The ultra high-speed fiber-to-the-home connections will provide Internet access at 100 times faster than typical broadband services, the company said. Fiber transmits light over fiber-optic cable — a strand of glass as thin as a hair — to send and receive data. It is far faster than electric signals sent over metal wires.
Palo Alto officials and technophiles aggressively wooed Google, creating a video and deluging the company with e-mail in support of bringing fiber to Palo Alto. The city sent a letter to the company last month seeking to further define its history and connections with Google in a last-ditch bid for the project.
But in the end, less tech-connected Kansas City won out.

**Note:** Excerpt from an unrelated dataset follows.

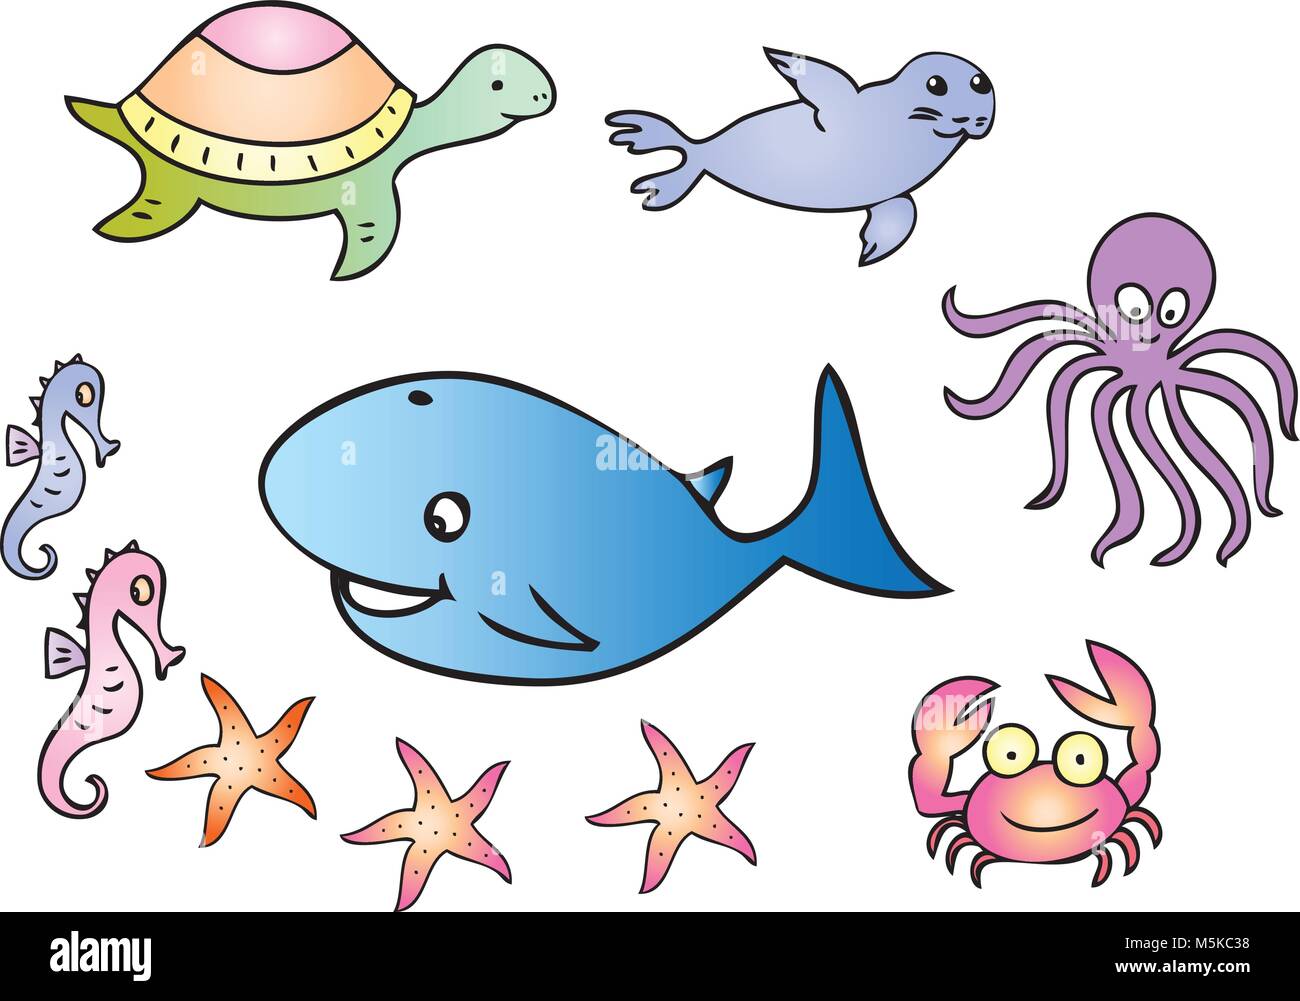 Ein Cartoon Illustration einiger Meeresbewohner einschließlich Seepferdchen, Wale, Schildkröten, Dichtung, Tintenfisch, Krabben und Seesterne. Stock Vektor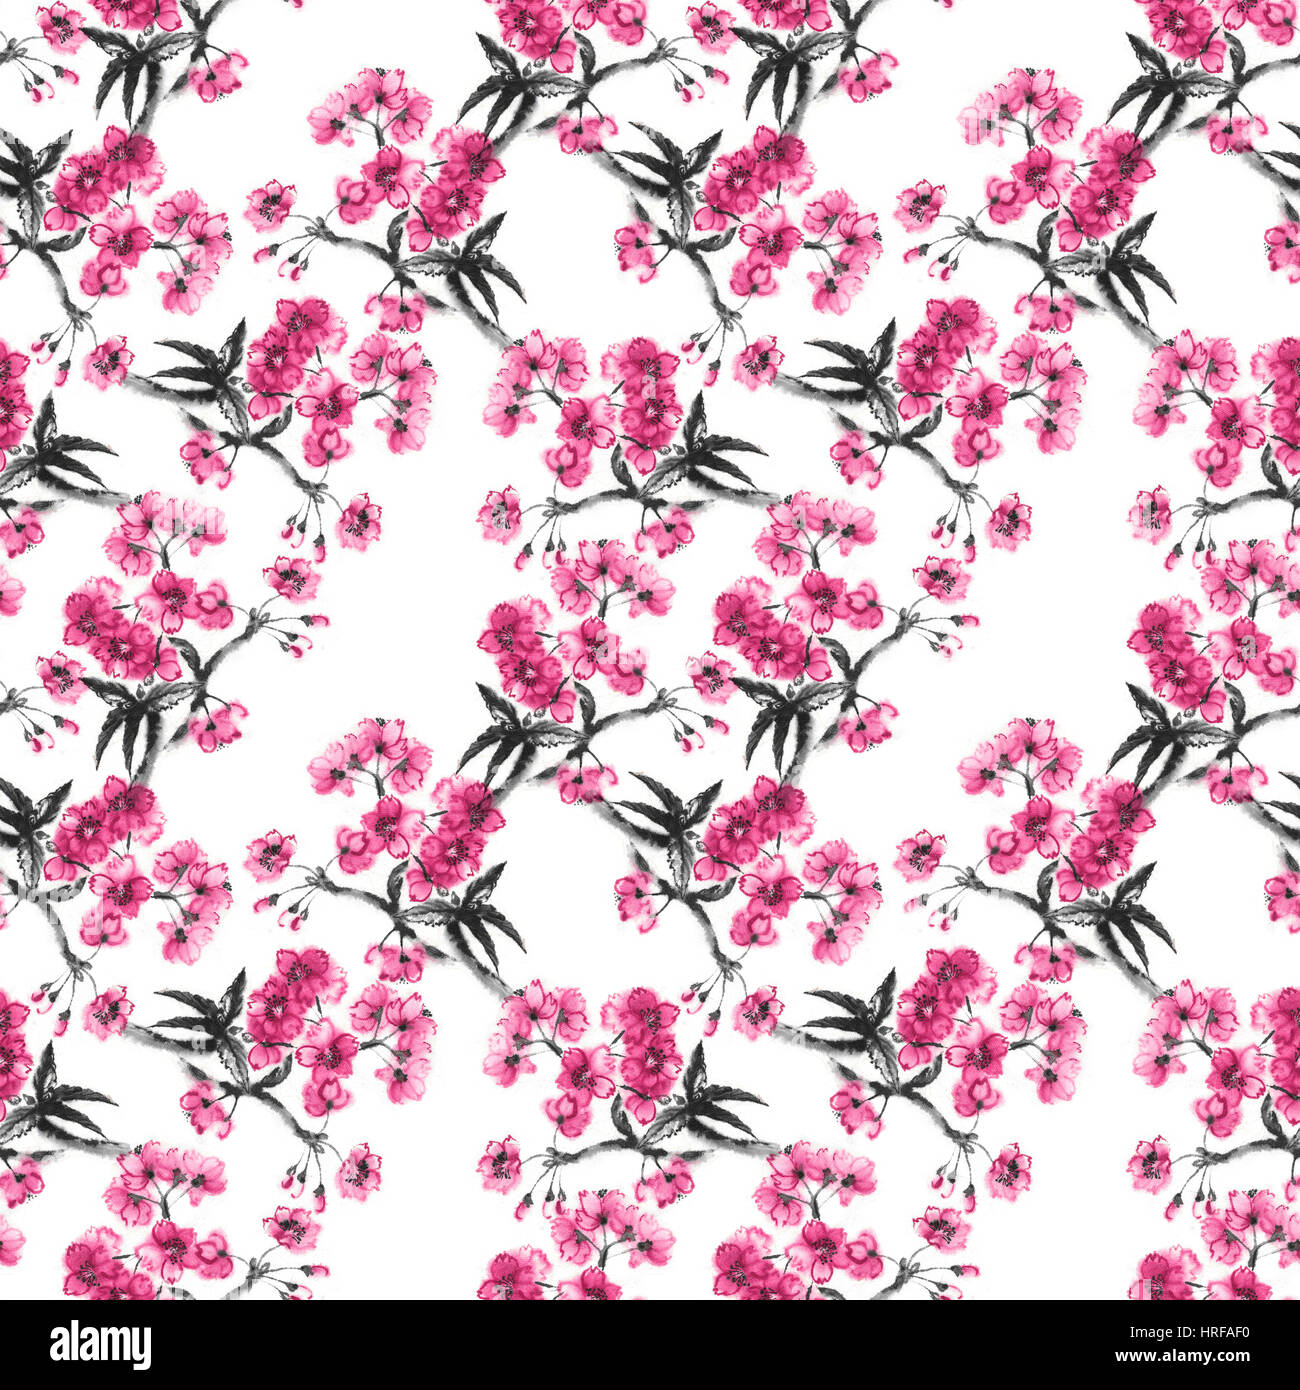 Rami di fiori di ciliegio, sfondo senza giunture, orientali fatti a mano di pittura di inchiostro, sumi-e stile pattern sakura. Foto Stock

"We were absolutely blown away by the leadership — the mayor, the city staff, the utilities as well," Google General Manager Kevin Lo said in a YouTube video.
A company spokesperson did not elaborate on the reasons the Midwest city was chosen or where Palo Alto ranked in the contest, but Kansas City Mayor Joe Reardon said in a press release that "the wonderful diversity of our community, neighborhoods and industry make Kansas City, Kansas a microcosm for the rest of the country.
In selecting a city, the goal was to find a location where Google could build efficiently, make an impact on the community and develop relationships with local government and community organizations, the company stated in its blog.
The Kansas City project will be the first of a handful of cities to receive Google fiber, the company spokesperson said.
"We want to thank Palo Alto and the hundreds of other cities across the country that expressed interest in our project. This was a tough decision, and we want everyone to know we carefully considered every application. We'll be looking closely at ways to bring ultra high-speeds to other cities across the country," she said.
Palo Alto City Manager James Keene said he congratulates Kansas City.
"To bring fiber to the heartland of the country, I appreciate the symbolism," he said.
"We hold out hope again in the next phase that Google will be thinking about us. We look forward to the opportunity in the next wave" of city selections, he said.
Palo Alto has been working on a high-speed Internet project for nearly 15 years but has not yet been able to garner the funding for its "Fiber to the Premise" (formerly "Fiber to the Home") project.
Funding through a consortium of telecommunications companies collapsed in 2009 after one of the partners dropped out and the city was asked to contribute between $3 million and $5 million per year for the network. City officials decided not to fund it. City Council members have called for little or no expenditure from the city's general fund for the fiber project.
In July 2009, the city considered trying to get $8.8 million in federal-stimulus money, but that plan fell through when funding guidelines restricted the money to Internet-deprived communities.
City officials had hoped a Google fiber-to-the-home project announced last fall for Stanford University would make fiber to Palo Alto the next logical step.
Google announced it would install the fiber network to about 850 on-campus faculty residences. Palo Alto is currently working with Stanford to become the fiber-optic carrier for the project, Josh Wallace, account representative for the city's fiber service, said Wednesday.
In the next two months, the city expects to receive results from two studies evaluating the potential market for a municipal fiber system and to attract private investment dollars.
The city submitted a proposal last week to the Palo Alto Unified School District, seeking to become its fiber-optic Internet carrier, Wallace said.
Google was briefly located in Palo Alto in 1999 and many company executives call Palo Alto home.